Две собаки, черная и пегая, не бегут — пластаются по траве. Пара шагает следом, рюкзак с ребенком за спиной, понизу обвисают голые ножки. Проходят мимо, взглядывают с интересом, всё понимая и принимая, — что тут можно понять?.. Старый человек выволакивает себя на свет Божий, пробиваясь через немоту, выплескивает наружу запрятанные в глубинах, позабытые, казалось, слова:
— Не войти в новый день, не подумав о тебе.
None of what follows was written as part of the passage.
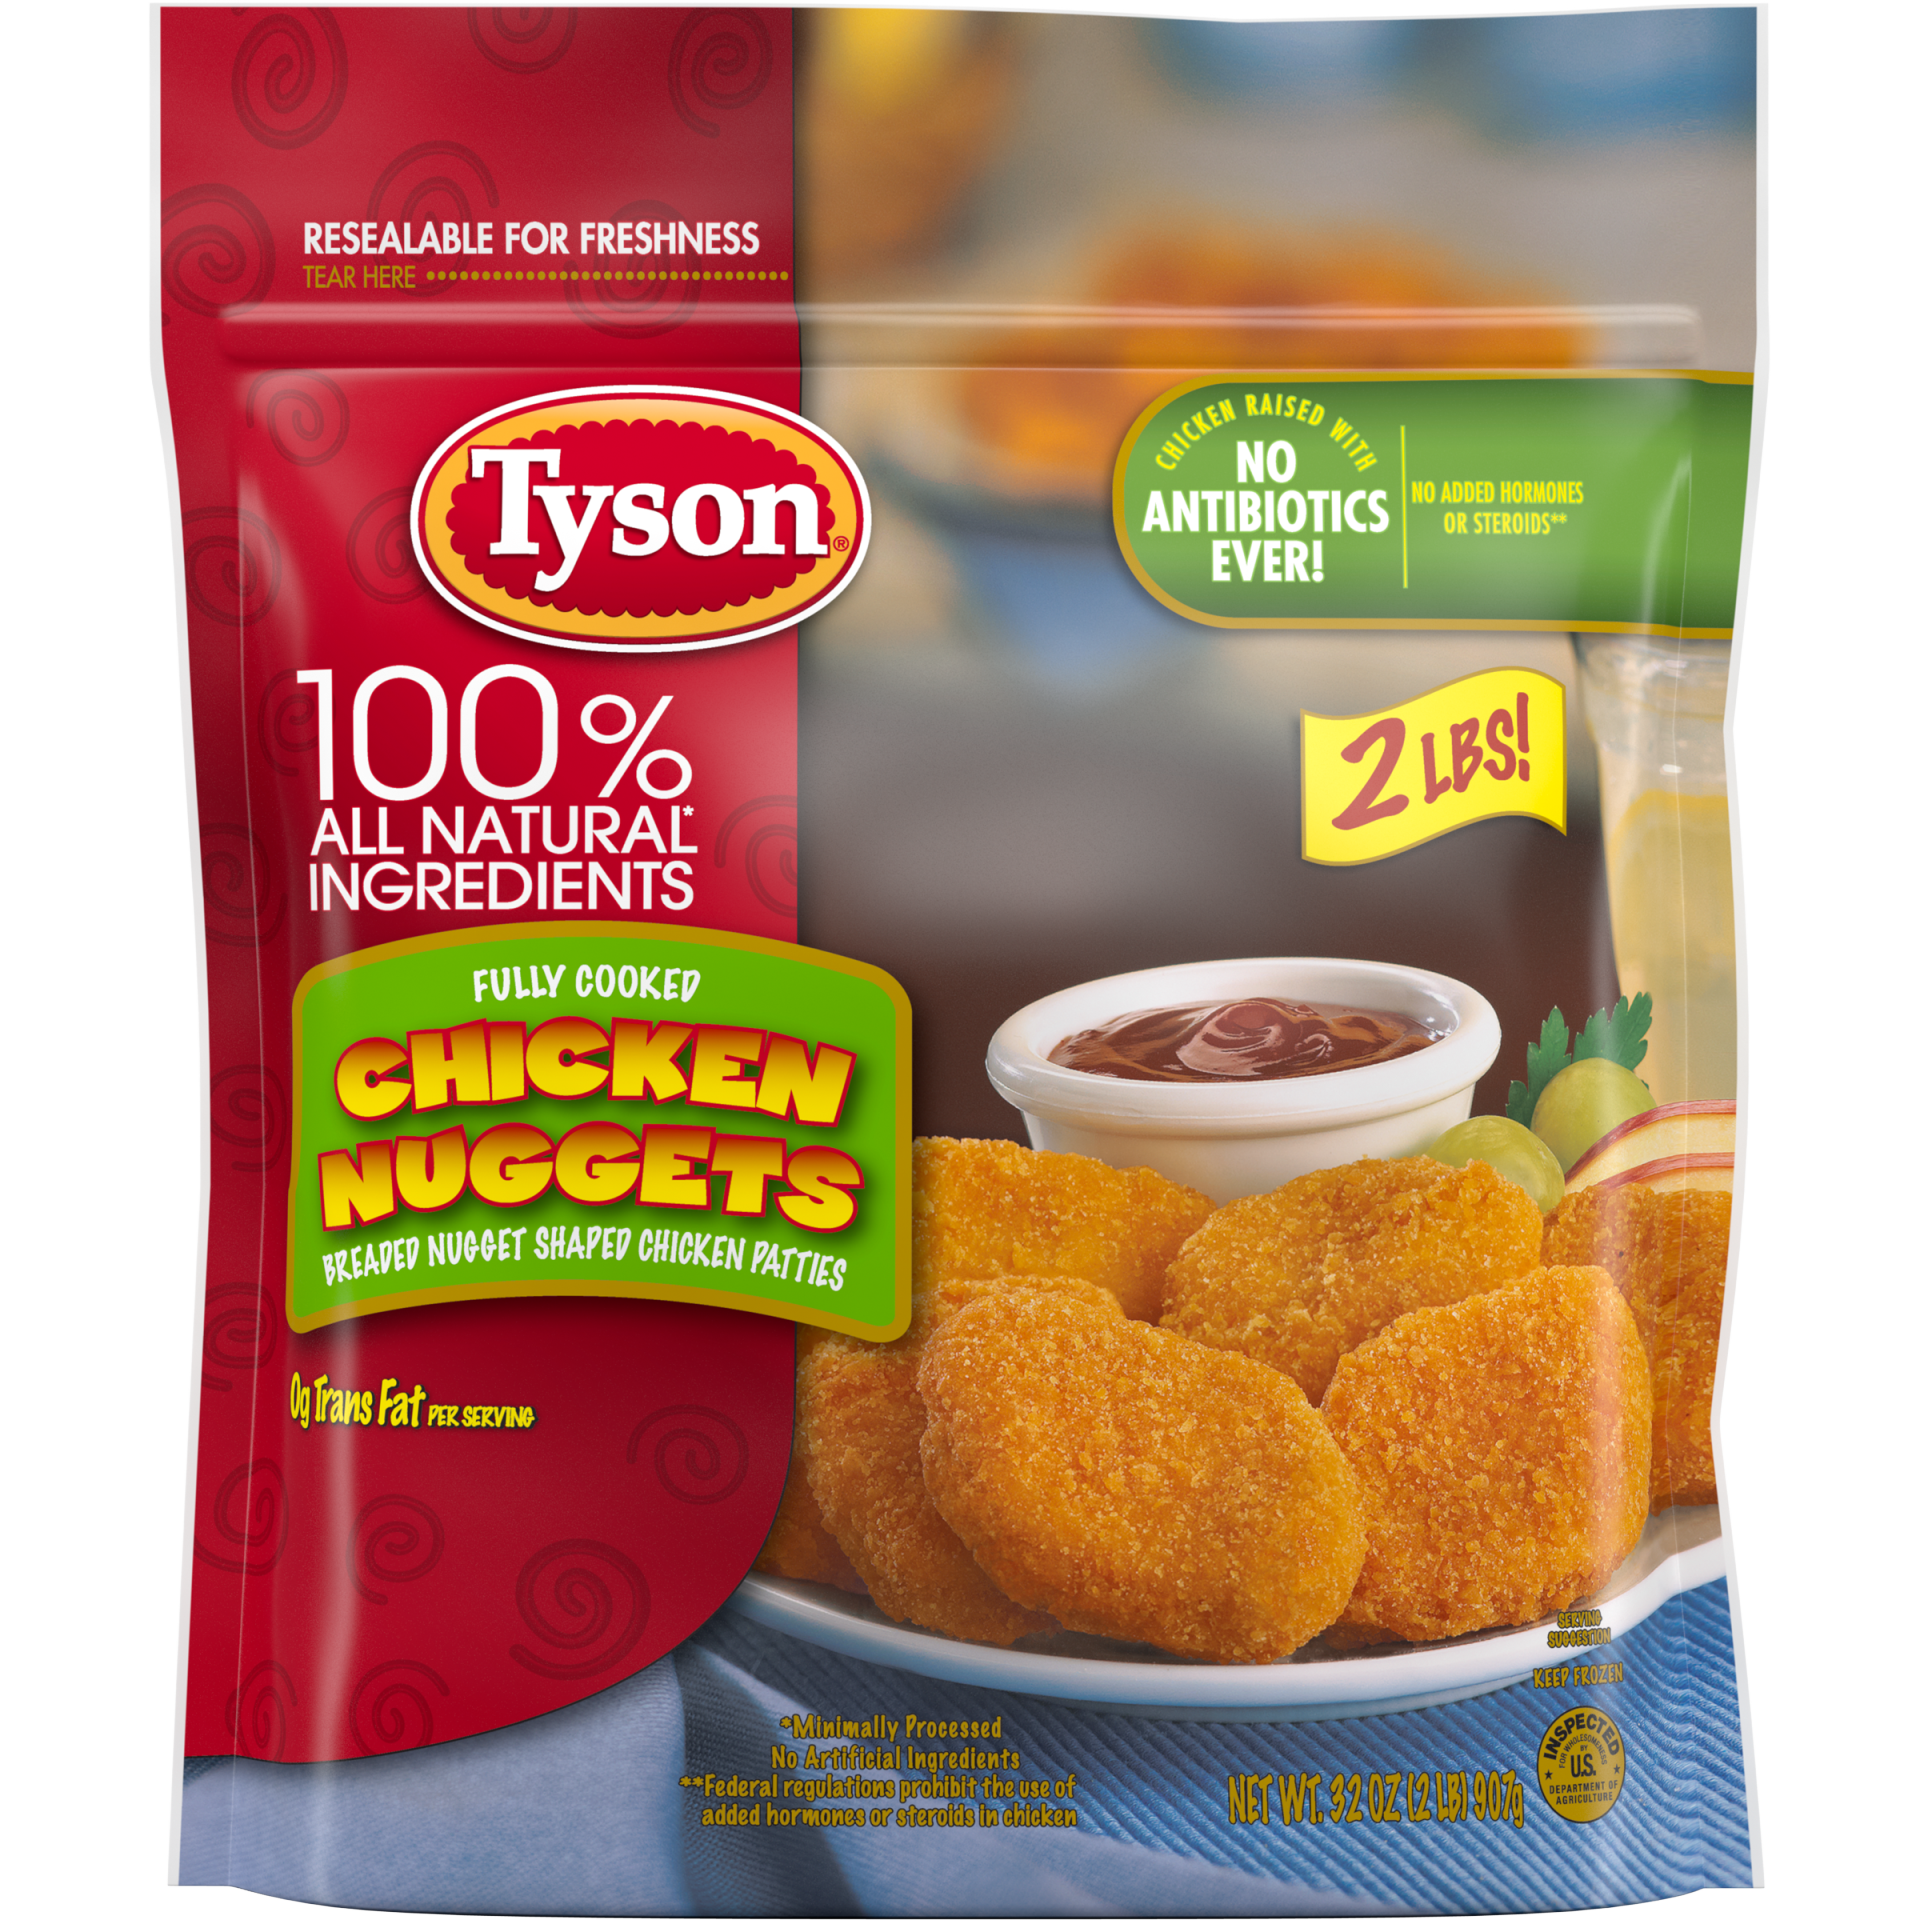 slide 1 of 2, Fully Cooked Frozen Chicken Nuggets, 32 oz

Не услышав голос твой. Не наполнившись ожиданием… Невместимо! — в отчаянии: — Невместима! Не разгадать тайны твоего умолчания…
Отвечает:
— Нет от тебя тайны.
И опять затихает. Слушает. Смотрит неотрывно в своей затаенности и ждет, молчанием поощряя многословие, ждет и смотрит, не смаргивая. А ветер погуживает и погуживает, сосны пошумливают и пошумливают, раскланиваясь верхушками; кажется, отпало ее внимание, — ладонь вздрагивает в его ладони:
— Я с тобой.
Как тронули бережно колокольчик, и он отозвался спросонья, но не умолк, нет, не умолк, затаившись в глубинах, не может, не желает утихнуть: зачем-то его обеспокоили?..
…она незримо присутствует у скамейки, ушедшая до срока, затрудняя признания, рвущиеся на волю. Выговаривает слова, светлые и печальные, — не его ли оправдание их нашептывает? «Тоску не растеряешь, Финкель, не случится этого, и оттого не затворяй порывы, не утаивай важное и нужное, что недополучила от тебя. Мне ты говоришь, Финкель, мне тоже, только не называй ее так, как называл меня в минуты откровений. Дай ей иные слова, иные междометия, остальное — по обстоятельствам…»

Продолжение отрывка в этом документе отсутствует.